Também o conceituado arqueólogo Ernst Curtius, seu concorrente, nunca o respeitou de verdade, conta. Muitos pesquisadores condenam Schliemann por deixar seus trabalhadores cavarem trincheiras profundas sem levar em conta as perdas, destruindo irremediavelmente importantes vestígios de assentamentos. Em vida, ele foi especialmente bem recebido na Inglaterra, onde era celebrado como o descobridor da lendária Troia.

Guerra de Troia, mito ou realidade?

A busca pela cidade dura milênios, mas ninguém conseguiu provar que havia alguma verdade no épico sobre a Guerra de Troia. "O que está escrito em Homero e o que Schliemann tomou como base para sua arqueologia ainda hoje é controverso", diz Baltrusch.

"Não se sabe se essa guerra realmente aconteceu", mas o que tornou Schliemann relevante foi sua interpretação literal da Ilíada: "Ele aprendeu grego antigo para entendê-la e depois saiu em busca dos sítios, partindo da ideia de que houve uma Guerra de Troia".

Em 1871, então com 49 anos de idade, ele tropeçou nos supostos restos da cidade de Troia sob a colina de Hisarlık, no noroeste da hoje Turquia. E não era o primeiro a acreditar que a cidade descrita por Homero ficasse exatamente ali: o britânico Frank Calvert já explorara a região antes dele.

Ambos se encontraram por acaso. Calvert era dono da terra em volta da colina, mas não tinha mais dinheiro para continuar escavando. A longa história de colonização da cidade, datada de 3000 a.C., até a Alta Idade Média, dificultou inicialmente a atribuição precisa dos achados.
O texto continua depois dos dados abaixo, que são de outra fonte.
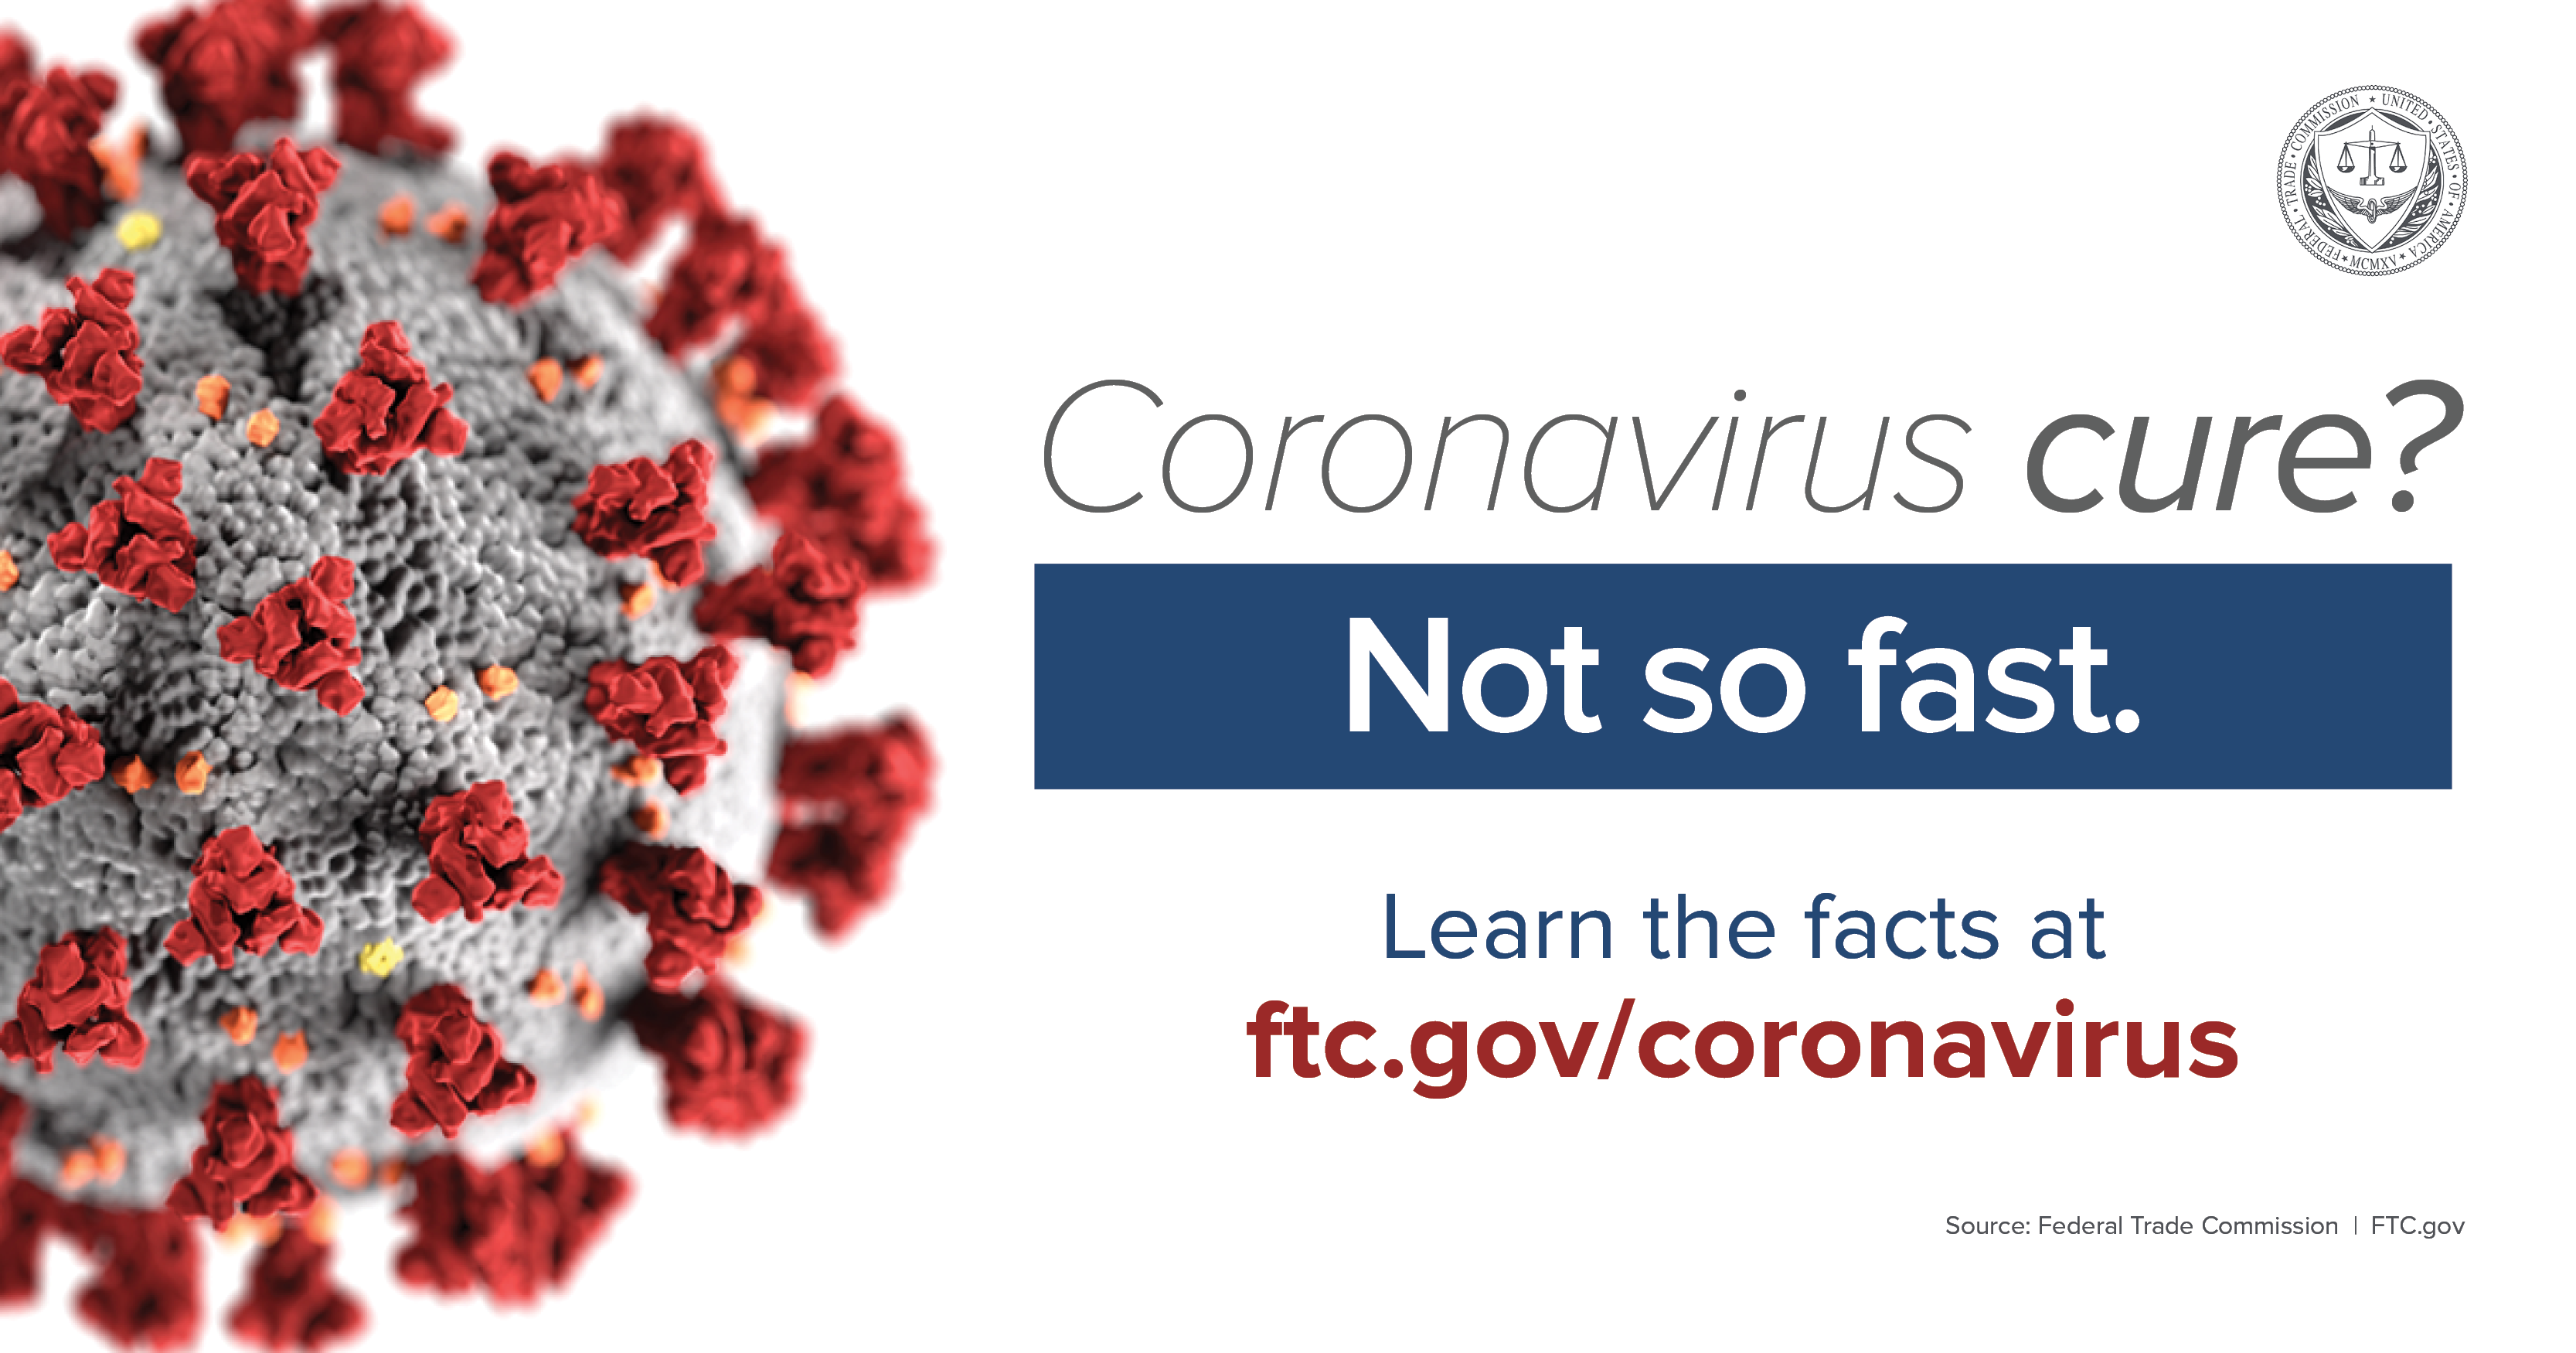 Coronavirus cure? No so fast.

Calvert convenceu o alemão a continuar onde ele havia parado. E em 1872 Schliemann concluiu que os espessos muros que escavara pertenciam às fortificações da antiga Troia.
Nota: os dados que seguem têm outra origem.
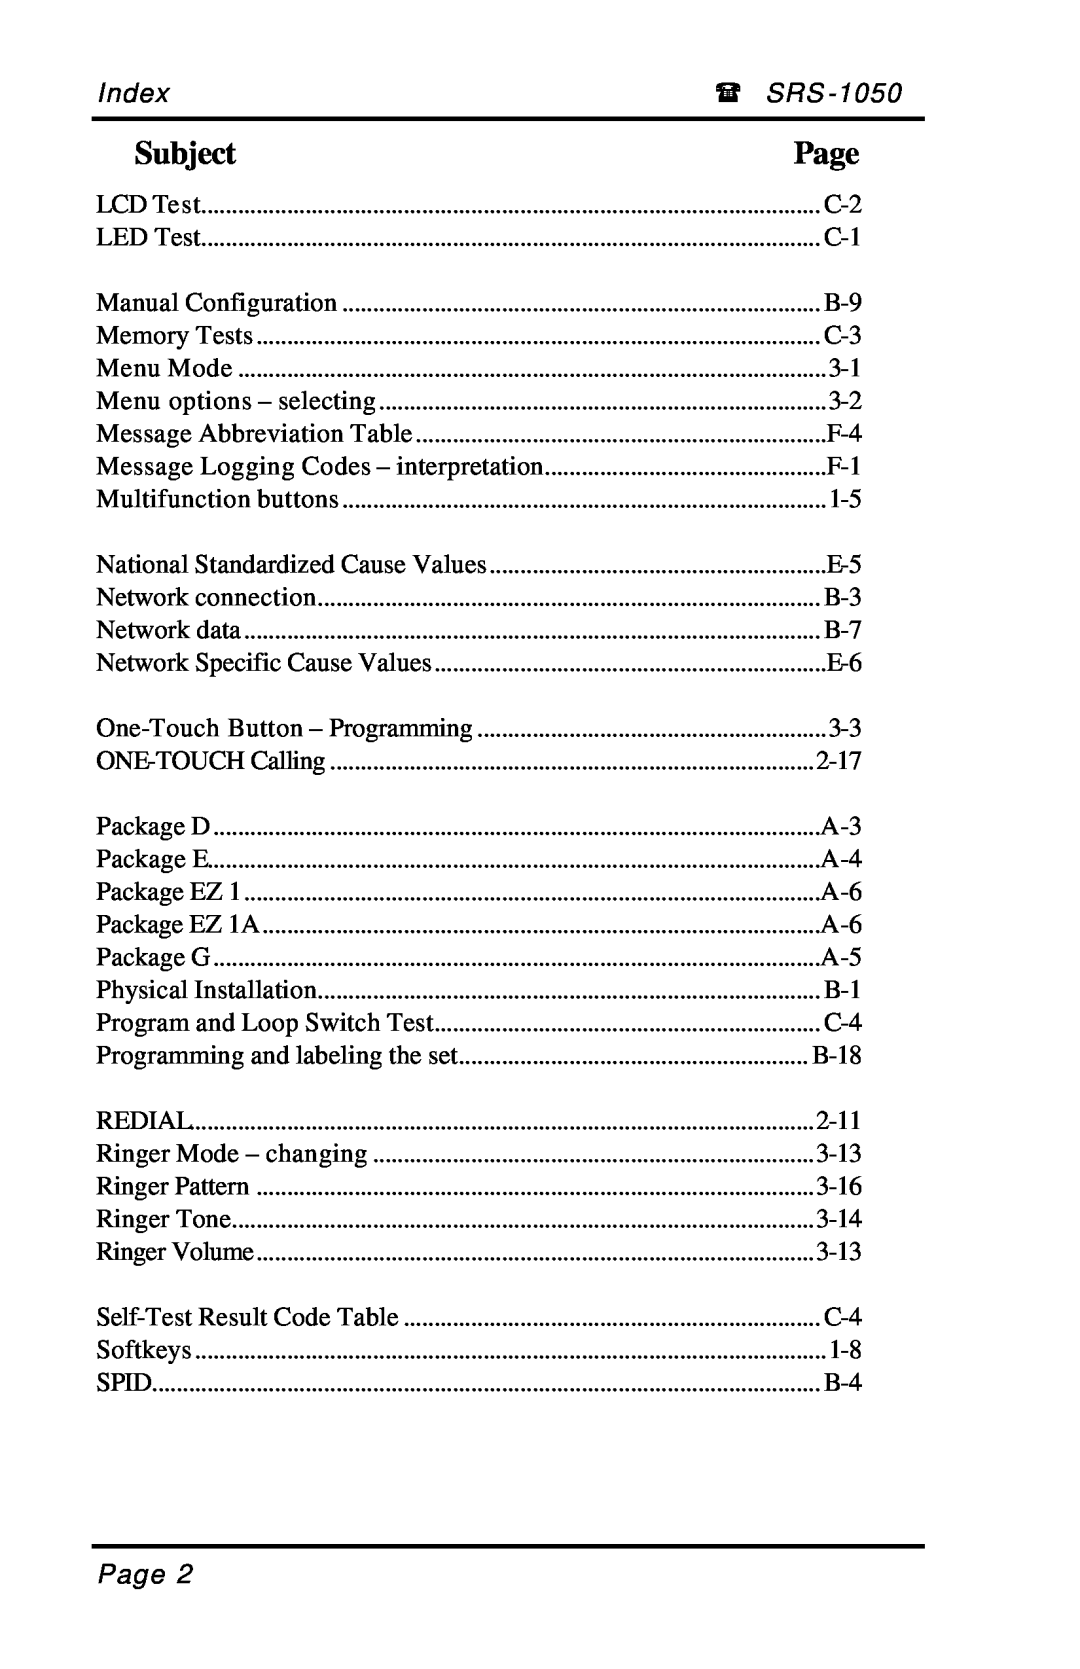 Fujitsu SRS-1050 manual Subject, Page, Message Logging Codes - interpretation, National Standardized Cause Values

No início, deparou-se com vasilhames que não correspondiam às descrições de Homero, mas continuou cavando as ruínas de vários metros de altura. Mais tarde, as escavações seriam condenadas por arqueólogos, por terem destruído as camadas mais importantes da "verdadeira" Troia. Uma de suas descobertas mais significativas, em 1873, foi o "tesouro de Príamo", como Schliemann o batizou, atribuindo as preciosas peças ao lendário rei de Troia.

Louvre e Heremitage recusaram arte saqueada

Schliemann contrabandeou o tesouro para fora do país. Quando o governo otomano se deu conta, processou-o e exigiu a devolução de metade dos achados. Mas o aventureiro acabou entregando apenas alguns, menos importante − que mais tarde compraria de volta − e pagou uma multa de 10 mil francos de ouro.

Ele ofereceu o tesouro ao Museu do Louvre de Paris e ao Hermitage, em São Petersburgo, mas sem sucesso. Por fim, doou-o aos alemães, recebendo grande reconhecimento por isso: tornou-se membro honorário da Sociedade de Antropologia, Etnologia e Pré-História de Berlim e cidadão honorário da capital alemã.

No tumulto da Segunda Guerra Mundial, o tesouro foi parar na Rússia, sendo considerado perdido por muitos anos. Hoje é mantido no Museu Pushkin de Moscou. A Alemanha tenta, há vários anos, trazer o tesouro a museus alemães, mas a Rússia se recusa a entregá-lo, com o argumento de que se trata de uma compensação por danos de guerra. O governo turco também o reivindica e negocia com a Rússia há vários anos.

"Certamente o arqueólogo mais conhecido"

Ainda durante a vida de Schliemann, cresceram as suspeitas de que o achado sensacional não fosse o "tesouro de Príamo". Em Micenas, onde escavou de 1874 a 1876, também cometeu um grave erro: a máscara de ouro que encontrou ali não pertencia ao comandante do exército micênico Agamenon.

No entanto, a posteridade perdoou seus julgamentos equivocados. Heinrich Schliemann morreu em Nápoles em 26 de dezembro de 1890, e hoje é conhecido mundialmente. "Independentemente de seu trabalho arqueológico, Schliemann está naturalmente associado ao nome Troia para todos os tempos", afirma o historiador Ernst Baltrusch. "Ele é certamente o arqueólogo mais conhecido no mundo, por causa de seu trabalho em Troia."